Maka mustered a small weak smile and let out a sob as she looked at her mother who said her name. Then coming closer did she out her neck around her and said she was her Maka. The small femme pushed her face into her mother's fur on her chest and cry out her pain. The pain that had been hidden behind the curtain. Let it be free then gone. Even though a memory would still remain she knew she was loved. Her mother loved her; so Maka nuzzled her as she sat there crying. Her turquoise eyes looked up to Crusade as she pulled back a bit to speak.

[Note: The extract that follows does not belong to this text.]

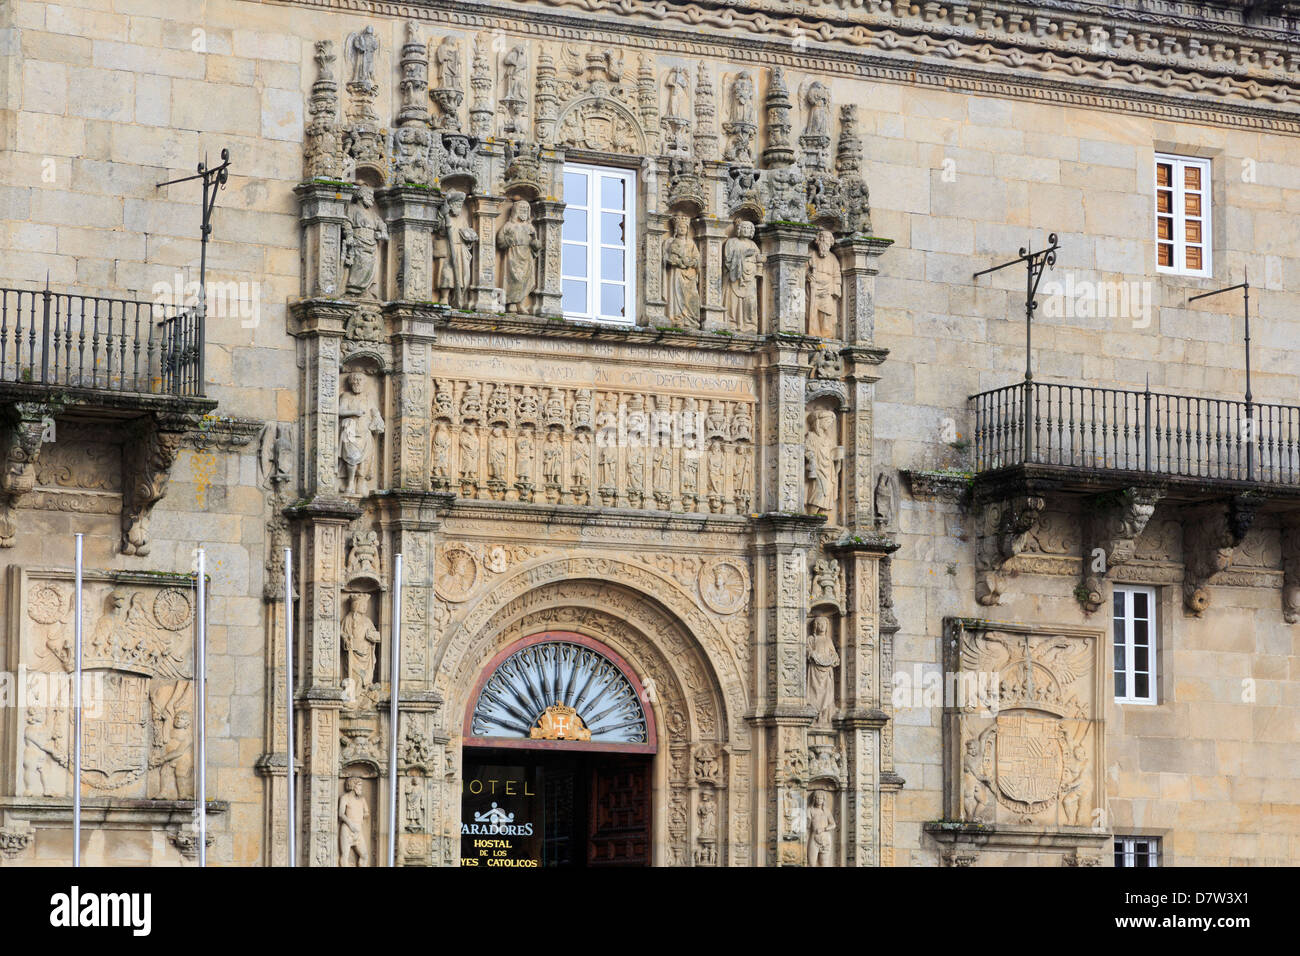 Hostal dos Reis Catolicos in Old Town, Santiago de Compostela, UNESCO World Heritage Site, Galicia, Spain - Stock Image

"I love you....Mommy" she said.

Maka said mommy because she had never been able to say that. She had always wanted to say that to her biological mother but she knew it wouldn't mean anything. But now it did, this was her mother, her mama, her mommy. The one that loved her back and cared for her as well. The one that loved her as much as she loved her sister. She then pushed her face back I to her mother's fur as she let out whines of happiness as her tail wagged. She cried still but tears of happiness and joy. Maka closed her eyes as she sat tere with her face pushed into Crusade.

She even felt like hopping around. Maybe the old Maka was slowly coming back; and the monster that had its shell over her was fading away.

The show ended as the girl ran to her mother. She was swept up in her arms as she giggled with joy. The curtains closed and the two walked out of the place with smiles on their faces. The girl was in her mother's arms as they exited the place. And her head lay on her shoulder. Her mother, her crutch in life.